Frensia.id- Tim Akademisi dari Universitas Jember (UNEJ), Syakhira Jasmine Muntasya dan rekan-rekannya, mengungkapkan hasil kajian yang menyoroti perkembangan signifikan dalam pemberantasan korupsi di Indonesia, terutama terkait dengan Indeks Persepsi Korupsi (IPK) negara ini pada tahun 2018.
Berdasarkan penelitian mereka, IPK Indonesia mengalami peningkatan, dengan negara ini naik tujuh peringkat, dari posisi 96 menjadi 89 dari 180 negara. Kenaikan ini menjadi sinyal positif bagi pemberantasan korupsi dan memberikan harapan baru bagi masyarakat bahwa ada perbaikan nyata dalam penegakan hukum terkait korupsi di Indonesia.
Peningkatan ini, menurut para peneliti, adalah hasil dari sejumlah langkah terobosan yang diambil pemerintah, salah satunya adalah kebijakan pencabutan hak politik bagi pelaku tindak pidana berat, termasuk kasus korupsi.
Mantan narapidana kejahatan berat seperti kejahatan seksual terhadap anak, bandar narkoba, dan koruptor dilarang untuk mencalonkan diri sebagai bakal calon anggota legislatif (bacaleg) dalam Pemilu 2019. Langkah ini diyakini merupakan salah satu cara untuk menciptakan efek jera yang kuat, mencegah mereka yang terlibat dalam kejahatan serius agar tidak memiliki akses kembali ke dunia politik.
Dalam penelitian ini, Syakhira dan rekan-rekannya menggunakan metode penelitian hukum (legal research) yuridis normatif, dengan pendekatan undang-undang. Pendekatan ini digunakan untuk mengidentifikasi prinsip-prinsip hukum, doktrin, dan aturan yang relevan guna menjawab berbagai isu hukum terkait pembatasan hak politik bagi mantan narapidana korupsi.
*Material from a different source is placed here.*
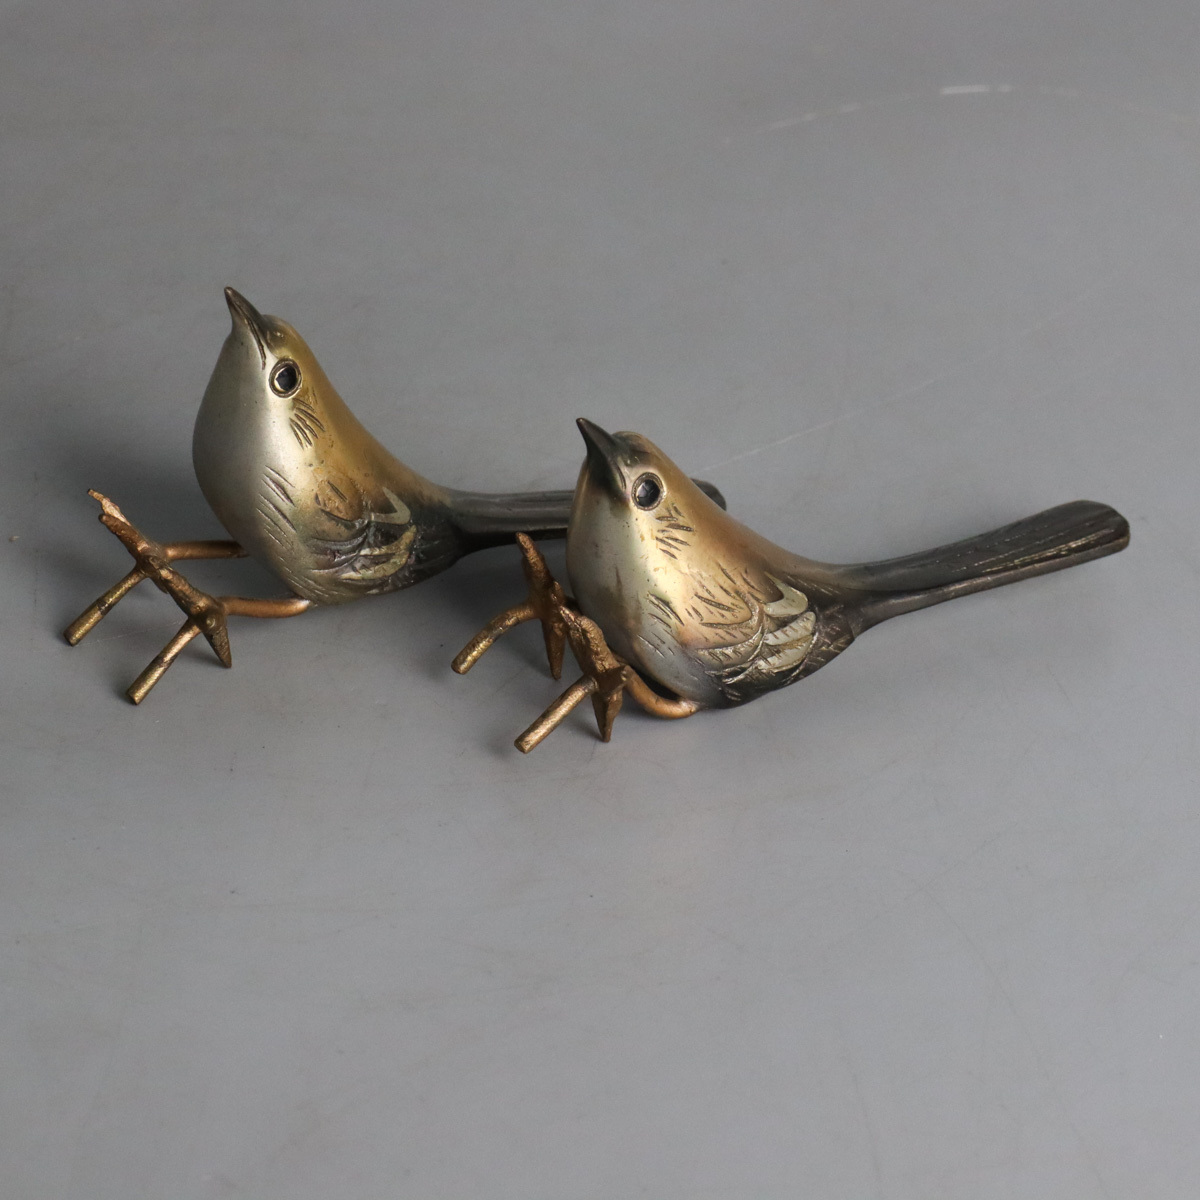 【宙】金工師 秀山作「鶯双に梅」鋳銅 鳥像 幅39.6cm 2192g 共箱 床置 置物 オブジェ C1D13.l.E_画像3
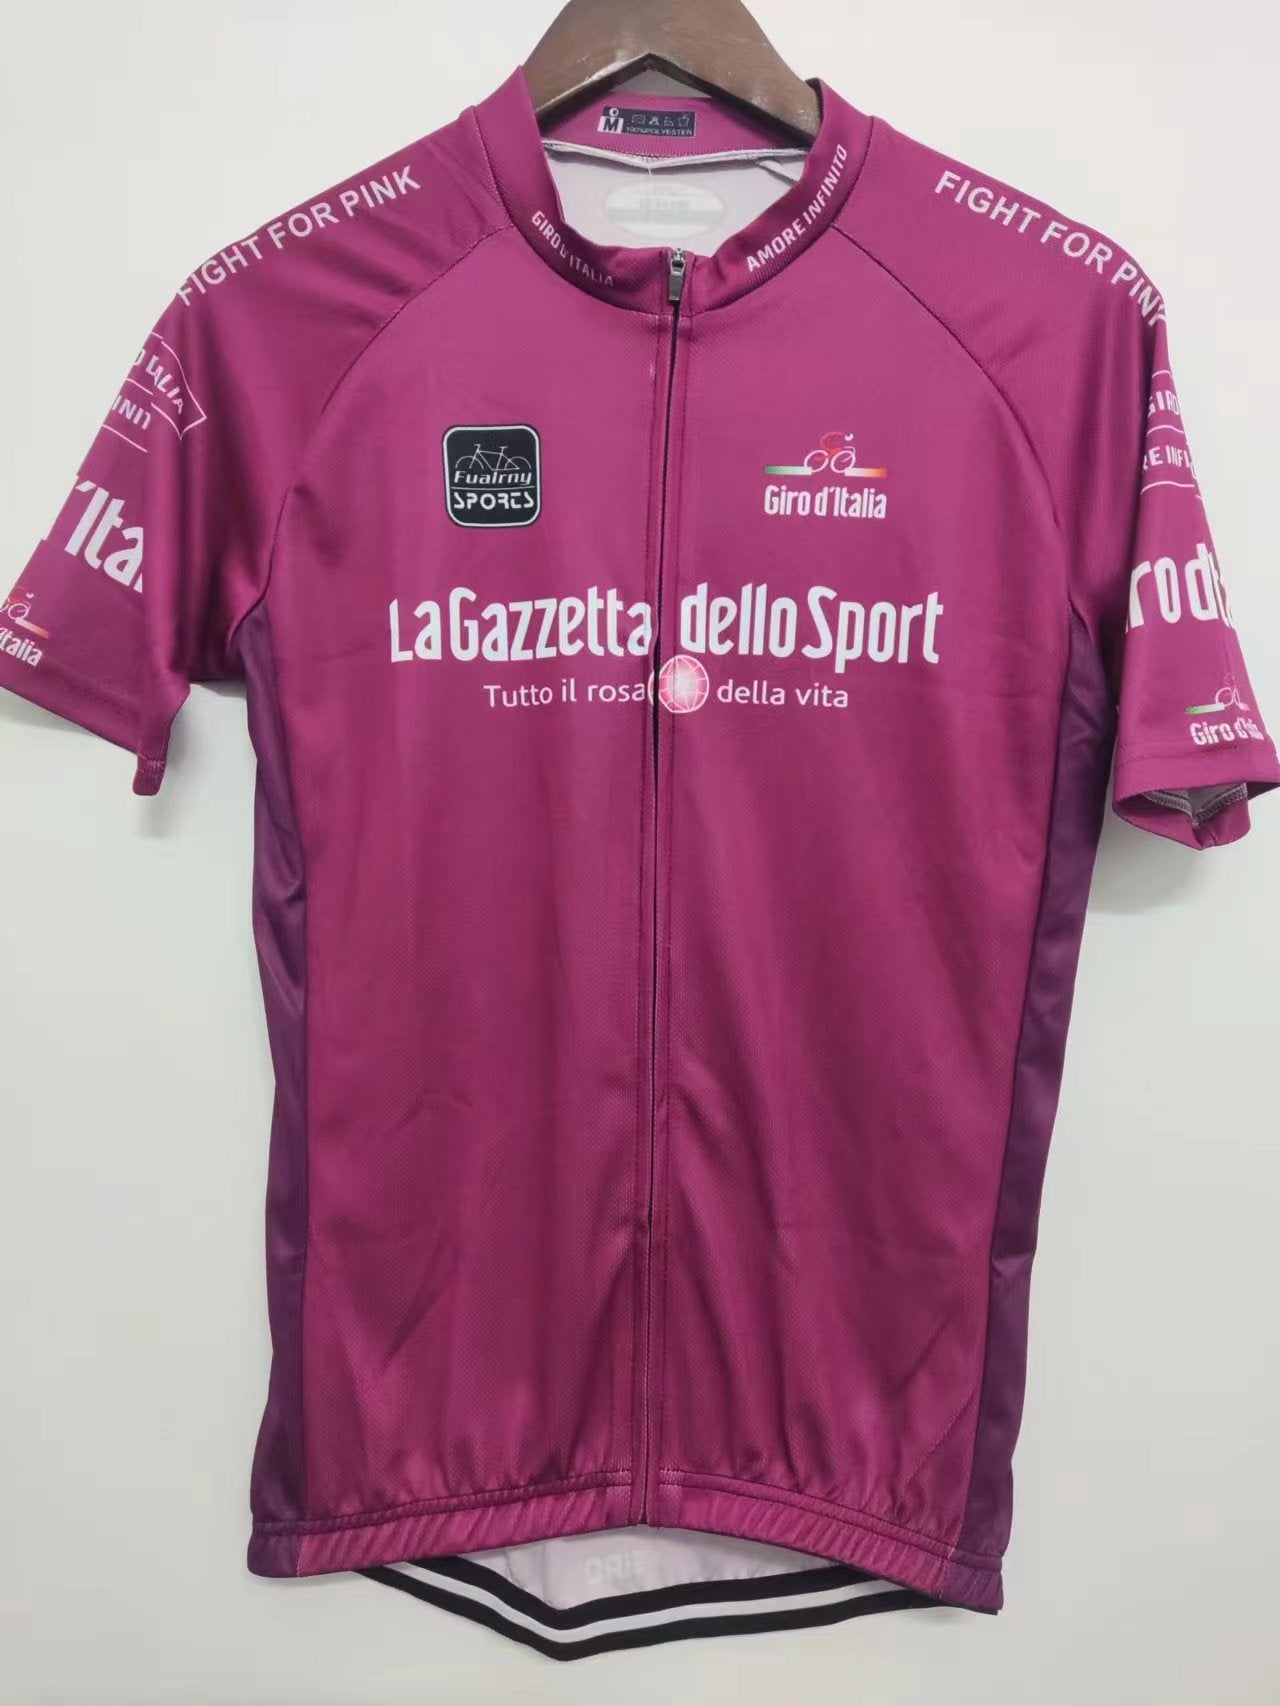 Giro d'Italia purple cycling jersey

Salah satu fokus utama dalam penelitian ini adalah politik hukum yang diterapkan oleh pemerintah dalam pemberantasan korupsi, khususnya dalam upaya membatasi hak politik mantan koruptor.
Kebijakan ini telah memicu diskusi dan pro-kontra di tengah masyarakat. Di satu sisi, banyak pihak yang mendukung langkah pencabutan hak politik ini sebagai upaya penting dalam menciptakan tatanan politik yang lebih bersih dan berintegritas.
Pendukung kebijakan ini berargumen bahwa korupsi adalah kejahatan serius yang tidak hanya merugikan negara secara finansial, tetapi juga merusak moralitas bangsa. Oleh karena itu, mantan pelaku korupsi tidak seharusnya diberi kesempatan kembali ke posisi kekuasaan.
Namun, di sisi lain, terdapat kelompok yang menentang kebijakan ini dengan alasan bahwa pencabutan hak politik dianggap melanggar hak asasi manusia. Mereka berpendapat bahwa mantan narapidana yang telah menyelesaikan hukumannya seharusnya diberi kesempatan untuk kembali ke masyarakat, termasuk menggunakan hak politiknya.
Kelompok ini menyoroti pentingnya rehabilitasi dan reintegrasi mantan narapidana ke dalam kehidupan sosial, tanpa harus terus-menerus menerima stigma.
Meskipun terdapat perdebatan, tim peneliti berpendapat bahwa pencabutan hak politik bagi mantan narapidana korupsi adalah langkah yang tepat untuk menjaga integritas politik di Indonesia. Langkah ini diharapkan mampu mencegah mantan koruptor berpartisipasi dalam politik dan menjaga agar demokrasi Indonesia terus berjalan dengan lebih bersih dan kredibel.
Selain itu, kebijakan ini dipandang sebagai instrumen penting dalam menciptakan efek jera bagi para pelaku korupsi, sekaligus memastikan bahwa hanya individu yang memiliki rekam jejak bersih yang berhak menjadi pemimpin di masa depan.